Через десять минут, две из которых ушли на надевание руки номер три, Майк был включен в телефонную сеть, а несколькими миллисекундами позже он сам вызвал себя по номеру «Майкрофт-плюс-ХХ» и заблокировал эту схему так, чтобы ни один любопытный техник не смог к ней подобраться.
Я снова сменил руки, собрал инструменты и, вовремя вспомнив, забрал распечатку сотни Джо Миллеров[403].
— Доброй ночи, Майк!
— Доброй ночи, Ман. Спасибо тебе. Большое спасибо.
Глава 2
Я пересек на метро Море Кризисов и вернулся в Луна-Сити, но домой не пошел: Майк спрашивал меня о митинге, который должен был состояться в двадцать один ноль-ноль в Стиляги-Холле. Он прослушивал все концерты, митинги и тому подобное, однако кто-то отключил его микрофоны в Стиляги-Холле, и мне показалось, что Майк обиделся.
В общем, нетрудно догадаться, почему их отключили. Все дело в политике — ожидался митинг протеста. Правда, я не видел смысла скрывать от Майка, что происходит на толковище, так как ежу понятно, что в толпе будет полным-полно стукачей Смотрителя. А разгонять митинг или призывать к порядку расшумевшихся каторжан Администрация не станет, в этом я был уверен. Зачем утруждаться понапрасну?

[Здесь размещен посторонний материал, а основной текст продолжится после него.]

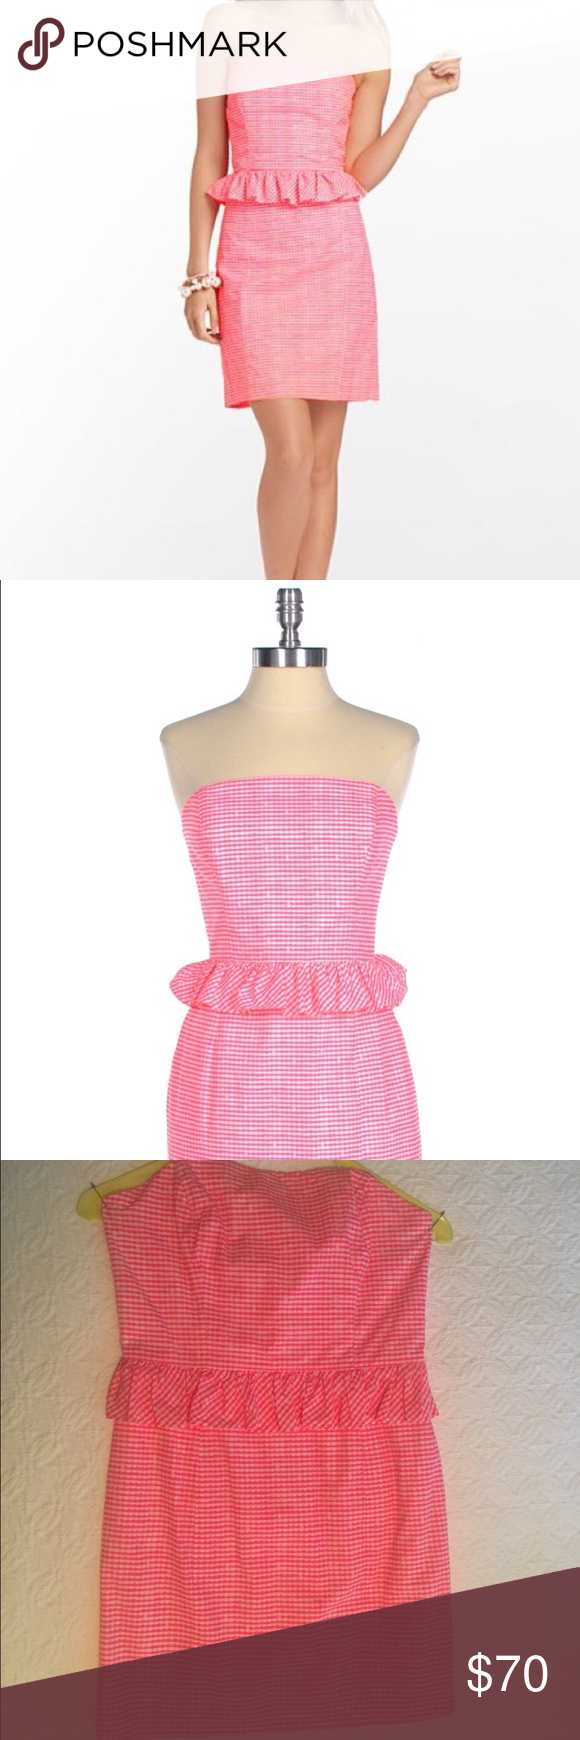 Lilly Pulitzer Pink Peplum Dress

Мой дед Стоун говаривал, что Луна — единственная открытая тюряга за всю историю человечества. Ни тебе решеток, ни часовых, ни правил внутреннего распорядка, да и никакой нужды в них. Когда-то давно, говорил он, пока не стало ясно, что ссылка в Луну — наказание пожизненное, кое-кто из лагерников пытался бежать. На кораблях, разумеется, а поскольку масса корабля замерялась чуть ли не до грамма, это означало, что надо было дать взятку капитану.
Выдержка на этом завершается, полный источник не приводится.